Jineet Doshi [00:23:46]: Lot of different attacks have been invented by nefarious actors who could do things like prompt injection, where they could run malware into your systems via the prompt. They could have data leakage, where they could steal some of the data on which the LLM is trained on. Again, we want to make sure that our llms and our systems are not doing this before deploying to production, right? So some of the strategies which are commonly used are running special benchmarks. So there are special security based benchmarks that are out there that we could run against before deployment using LLM judges. Again, there are specialized judges for toxicity, hallucinations, things like that. And if you do have the budget, you can always do red teaming and moving beyond just llms. When we look at systems like rag, it's like an entire system with all these different components involved, right? So in this case, then it becomes very important to evaluate all the different components of the system. So like for rag, for example, we want to evaluate, is the retrieval system working correctly? Is the generation system working correctly? And then finally, as a whole, is the system working as expected? So the open source community has been pretty active in the space.

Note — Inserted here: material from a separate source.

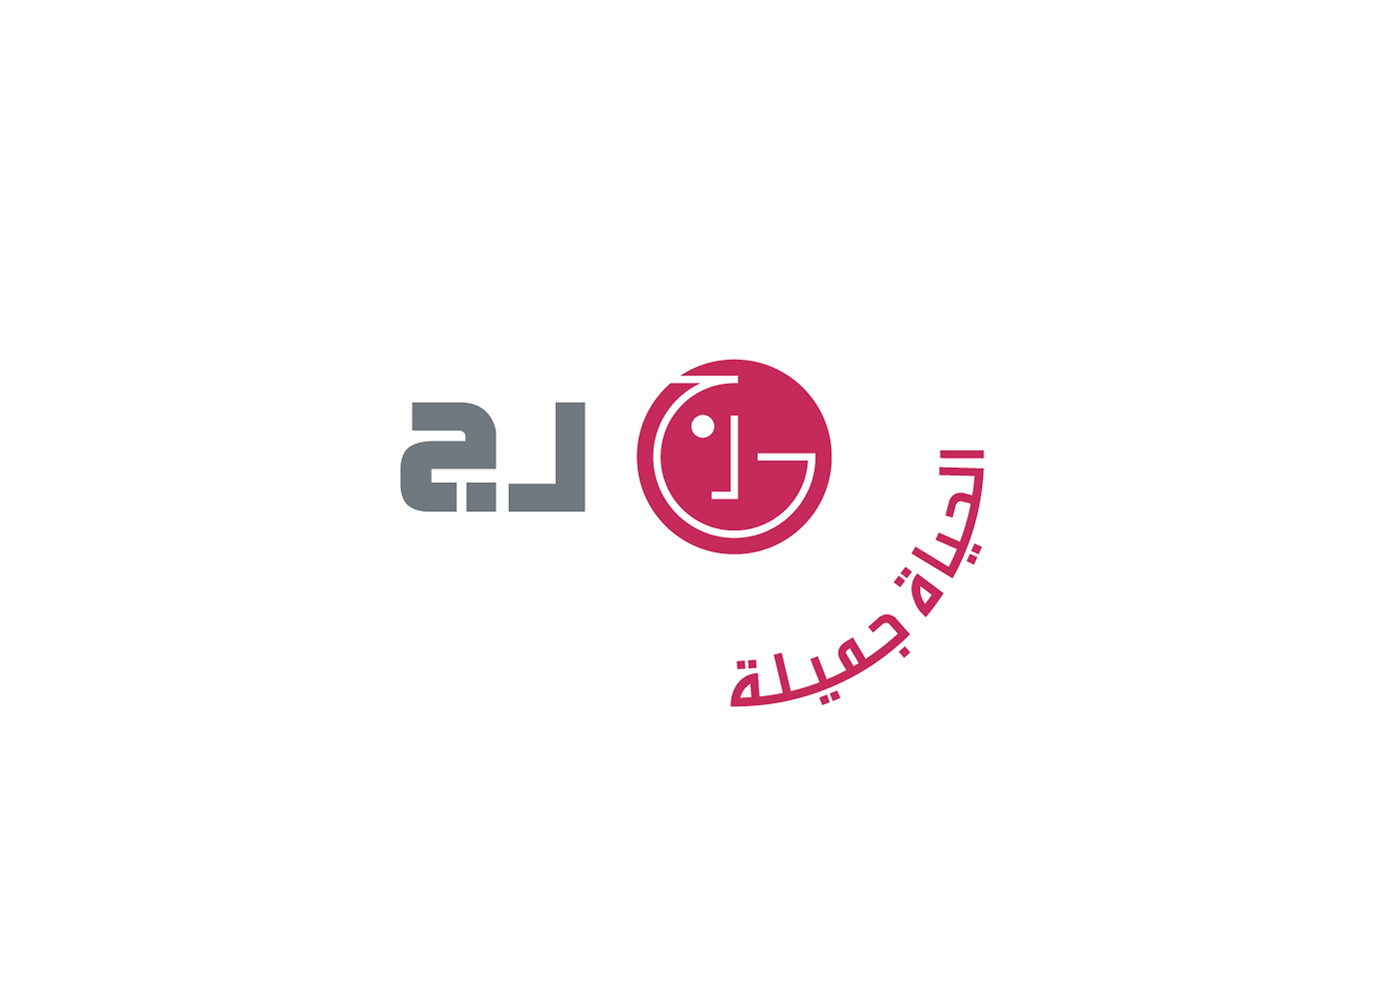 famous logos arabic translation language Arab Kuwait social media Website brand uplifting creative concept clever idea

Jineet Doshi [00:25:10]: There's tons of tools that are available out there in the open source world. Again, this is just like some of them. Highly recommend to check some of these out. They're pretty cool. There's also a lot of work being done in the universities. Helm is an interesting initiative. At Stanford, it's being led by Professor Percy Liang. And essentially the idea is to think of evaluation holistically.
Jineet Doshi [00:25:37]: That's what the H in Helm stands for, is like holistic evaluation of language models. So a quick recap of what I just covered. First, we discussed the challenges of evaluating llms. Then we went into the different approaches of evaluating llms, traditional NLP techniques, human evaluators, and then finally using llms themselves as evaluators. And we spoke about the pros and cons of each approach. We also spoke about evaluation for safety and security, and evaluating the bigger, generative AI systems and the open source landscape as well. Yeah. Again, thank you very much for having me.
Jineet Doshi [00:26:20]: Habit break questions. I guess we probably don't have time, but afterwards I'd be happy to discuss this close.